» **What to produce**:
What is needed is an exact copy of the listing, with no pictures in it.

*** Input data

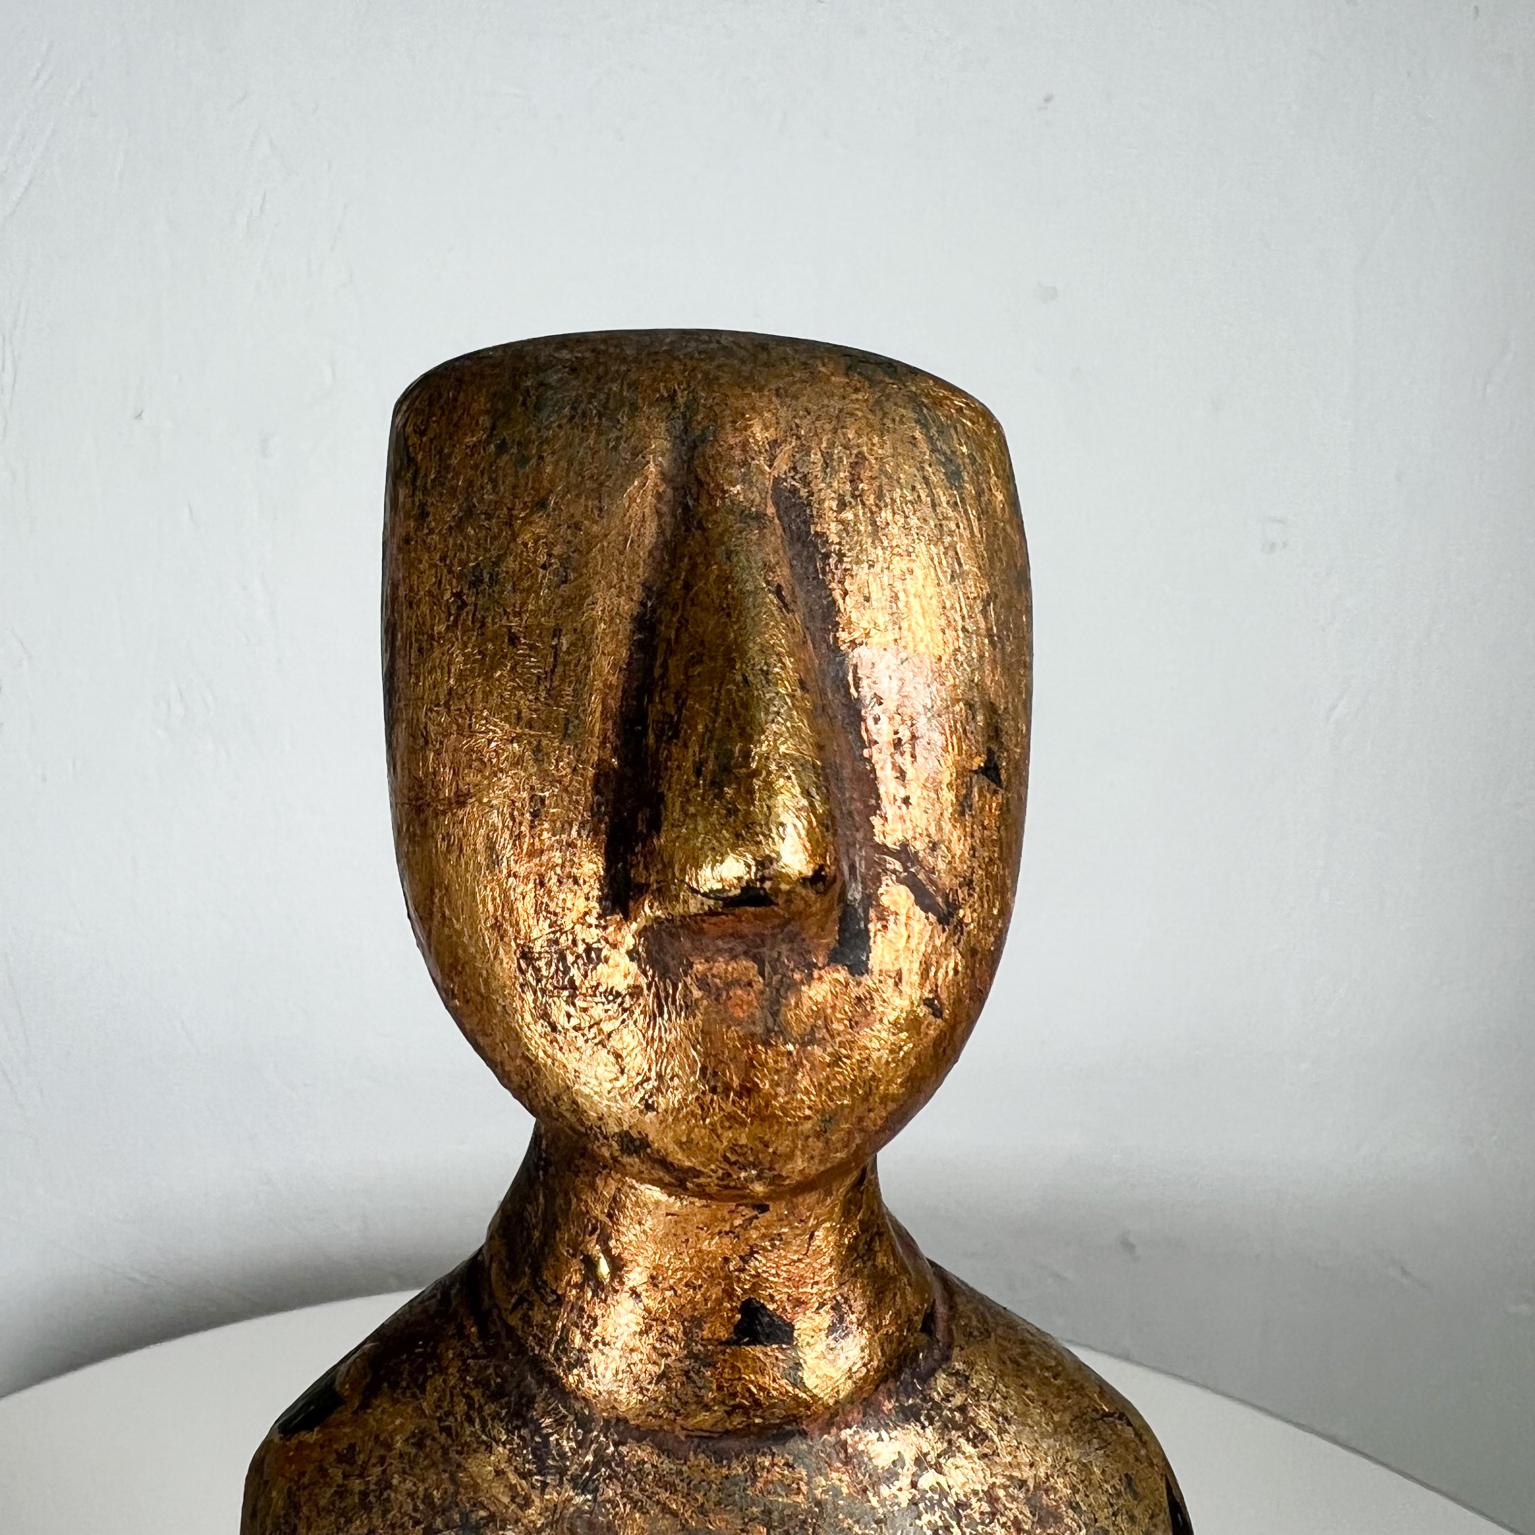 Sculpture d'art Oscar doré Figurine cycladique
11,88 haut x 3,5 l x 2 d
Etat original vintage d'occasion.
Reportez-vous aux images fournies.

******

» **Task solution**:
 Sculpture d'art Oscar doré Figurine cycladique
11,88 haut x 3,5 l x 2 d
Etat original vintage d'occasion.
Reportez-vous aux images fournies.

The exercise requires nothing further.